«Посмотрим, кто кого переупрямит…»
Шрифт:
Анна Андреевна очень настаивала на понятии “акмеизм”, О. Э. не так энергично, потому что он вообще плевал на всё, что называлось “литературоведением будущего или прошлого”, но все-таки в какие-то минуты он утверждал, что он акмеист. Для меня всегда было очень большим и серьезным вопросом, что объединяло трех людей, этих трех основных людей акмеизма: Гумилева, Ахматову и Мандельштама? Три поэта, с совершенно разной установкой, совершенно разной поэзией и, вместе с тем, всегда сознававших свою близость. В чем дело? Я думаю, что это скорее противопоставленность символизму, в этом суть. И противопоставленность не только поэтической практике символизма, но общей идеологии символизма.

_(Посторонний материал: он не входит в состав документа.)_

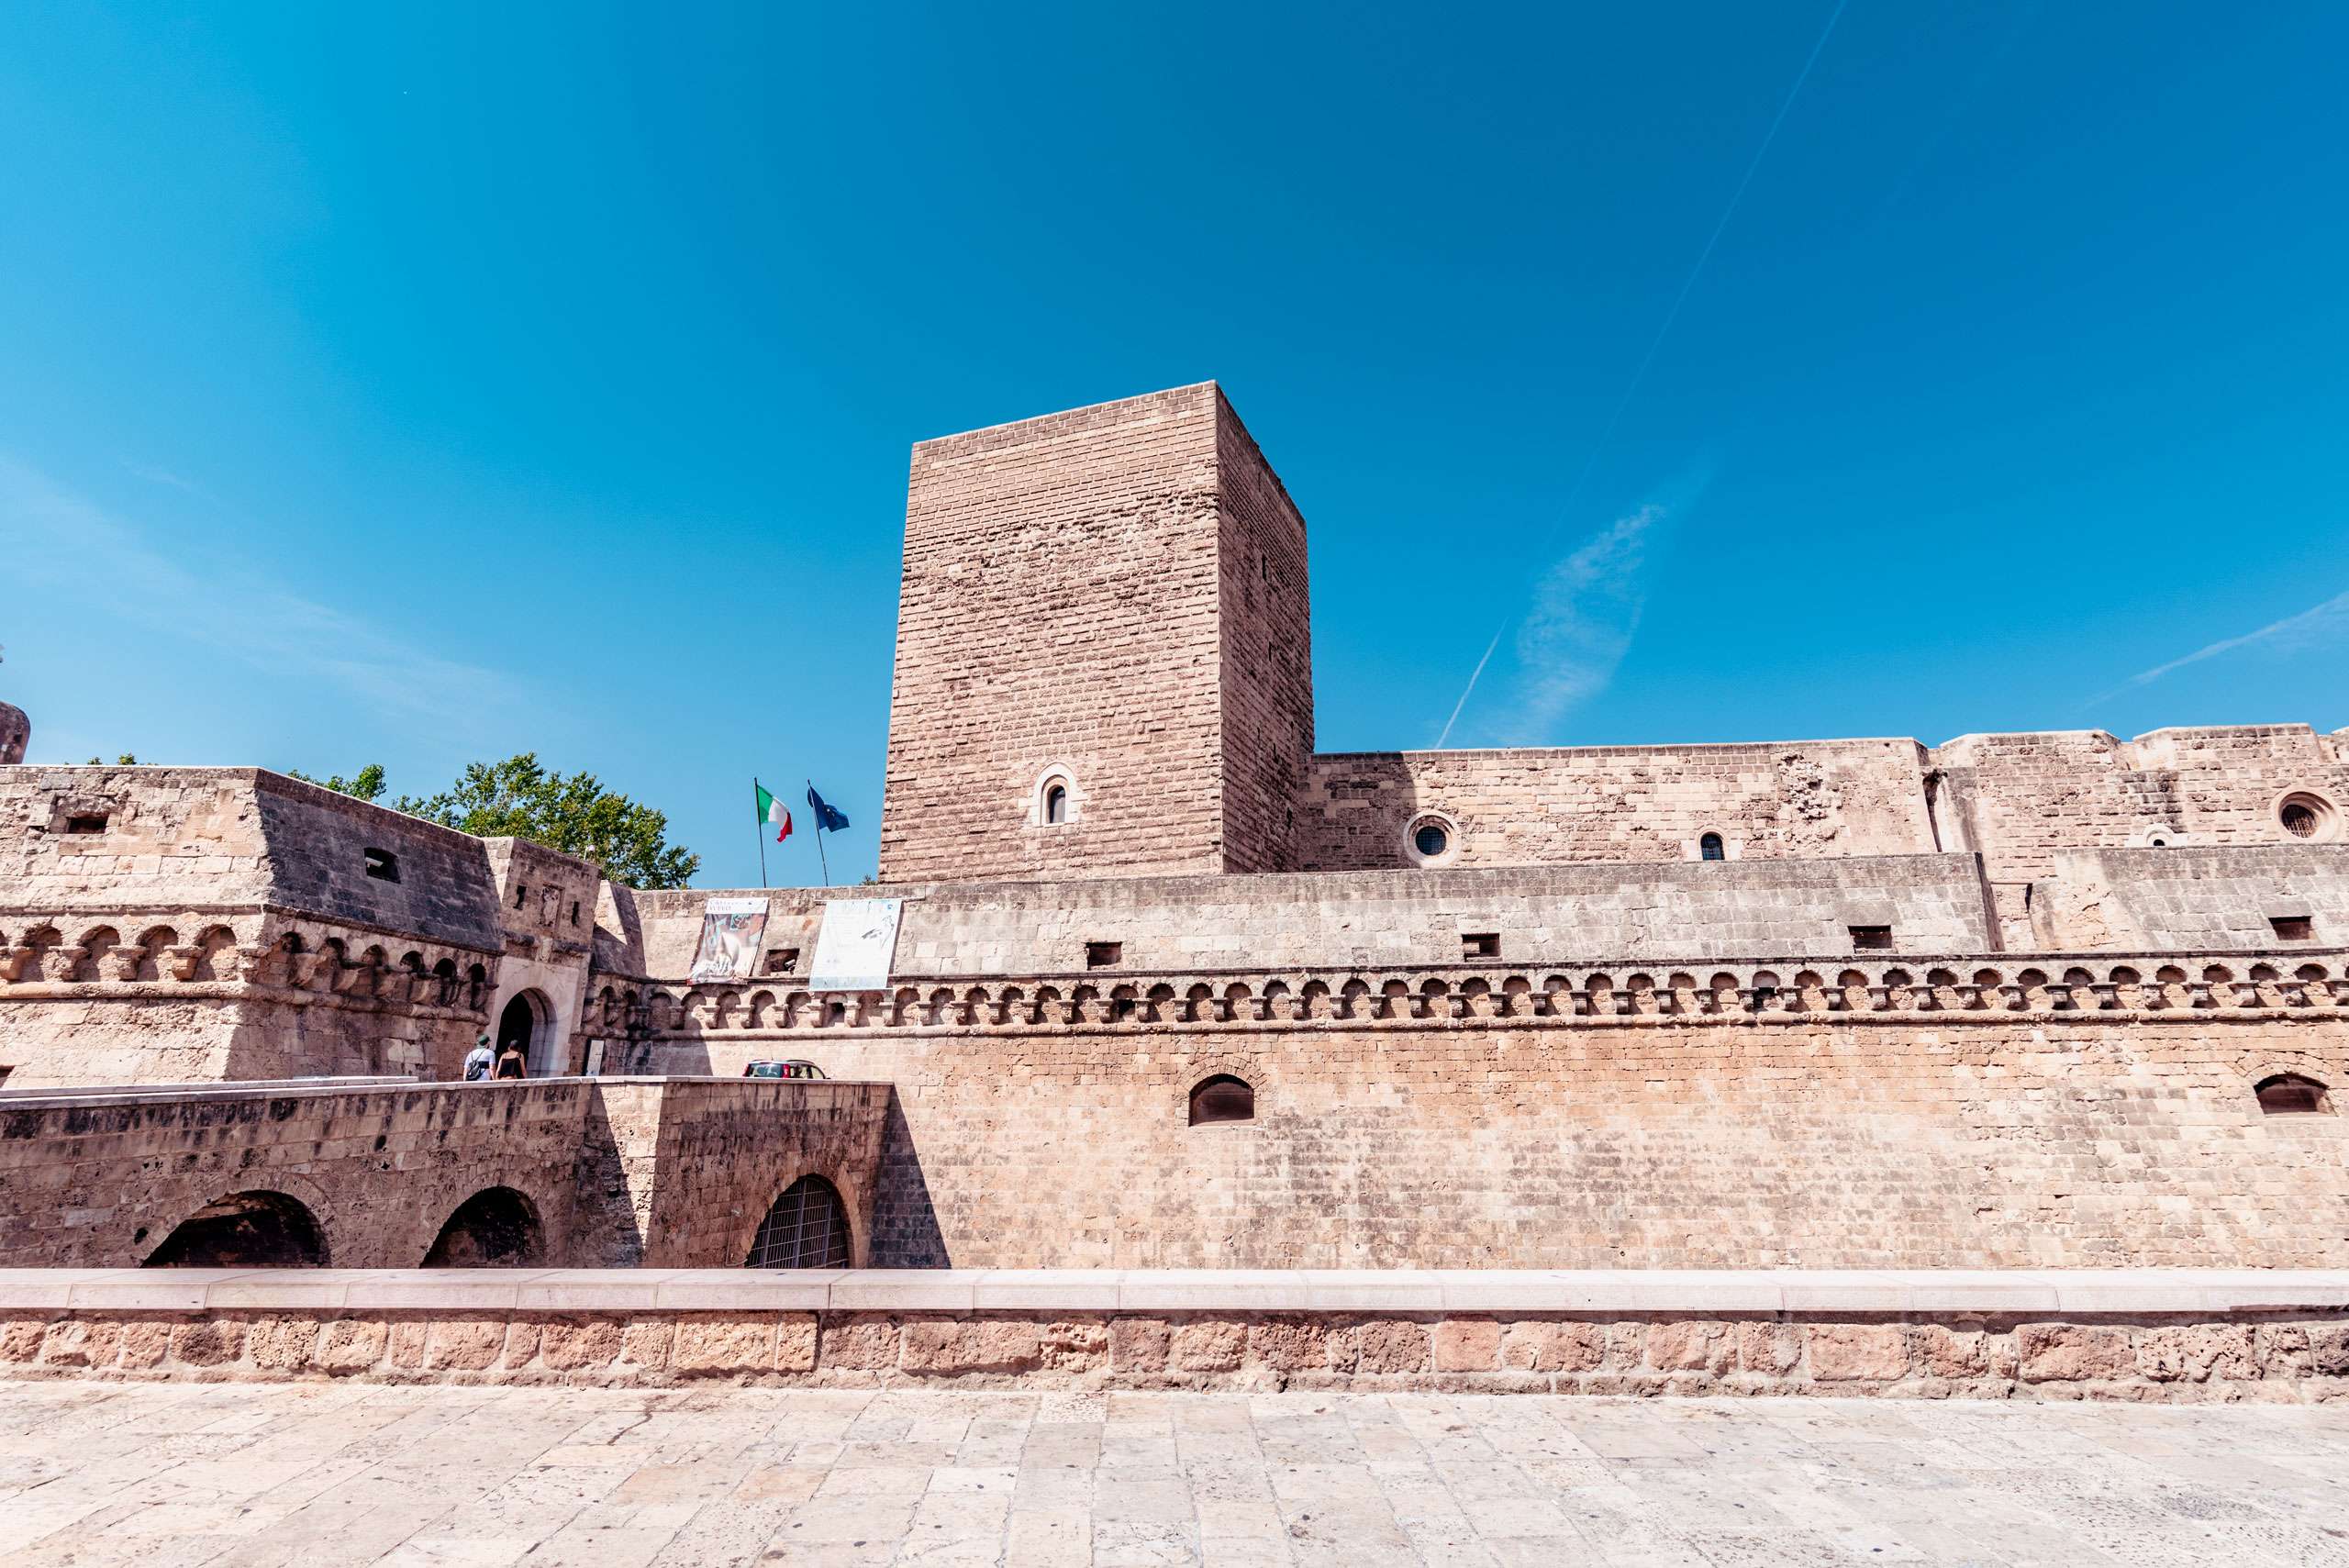 Swabian Castle in the old town of Bari city.

Мне кажется, что очень хорошо рассказано у Бердяева в автобиографии о том, как он разочаровался в символизме. Конечно, сделано <это> очень поздно, но ведь его нельзя назвать человеком искусства. Просто интеллигентский круг своего времени. Но его оттолкнуло, вероятно, от символизма то же, что оттолкнуло и этих троих прежде всего мировоззрение, даже скорей миропонимание. Отношение к добру и злу, отношение к ценностям, чувство общественной безответственности. Символисты были индивидуалисты, ницшеанцы, они были внеположны добру и злу, как заметил Бердяев. Это, вероятно, и было причиной того, что эти трое и не захотели быть с ними. И всю жизнь активно настаивали на том, что они не с ними. И до революции, и особенно после. Революция научила их чувству ответственности. Во-вторых, и Гумилев, и Мандельштам, и Ахматова – люди с несомненным религиозным сознанием, без всякого интереса к языческим временам, то есть христианского сознания. Полное доверие к категориям нравственным, точное понимание деления на добро и зло – вот, вероятно, основа разделения с символистами… ЛЕФ очень помогал Маяковскому. Я не помню, говорила вам о характере бриковского салона, нет?
К. Б. Нет.
Н. Я. Кто там бывал, нет? Сотрудники Брика по его работе в ЧК. Брик был следователем ЧК, и его специальностью были товарищи его отца, богатого коммерсанта… В салоне Бриков бывали очень крупные работники, я сейчас не вспомню фамилии, но потом когда-нибудь назову две-три фамилии. Там составлялось общественное мнение, кто что ст'oит. Там, между прочим, уже в двадцать втором году объявили Мандельштама и Ахматову внутренними эмигрантами. Вероятно, это сказалось и на дальнейшей их судьбе. Нужно помнить, что ЛЕФ боролся за официальное положение правительственной группировки – то, которое потом получил РАПП в своей борьбе с ЛЕФом. А сначала претендовал на него ЛЕФ. ЛЕФ впервые начал пользоваться нелитературными средствами в литературной борьбе, правительственными средствами. Я думаю, что, если найти досье Мандельштама и Ахматовой, если они когда-нибудь выплывут наружу, там будет вот этот вот… сбор общественного мнения о том, чт'o они такое. Отвоевывая Маяковскому молодежную аудиторию и вообще аудиторию и политическое положение ЛЕФу, средствами не стеснялись. Кстати говоря, Маяковский был абсолютно ни при чем сам. Он ни черта в этом не понимал, он тянул лапу всем своим литературным недругам и был очень милый человек. Мы встретились с ним когда-то у Елисеева, и он через прилавок кричал Мандельштаму: “Как аттический солдат, в своего врага влюбленный” – и они дружески махали друг другу. Еще раньше О. Э. подружился с Маяковским в Петербурге, их растащили в разные стороны: Брик – Маяковского, а, вероятно, Гумилев – Мандельштама.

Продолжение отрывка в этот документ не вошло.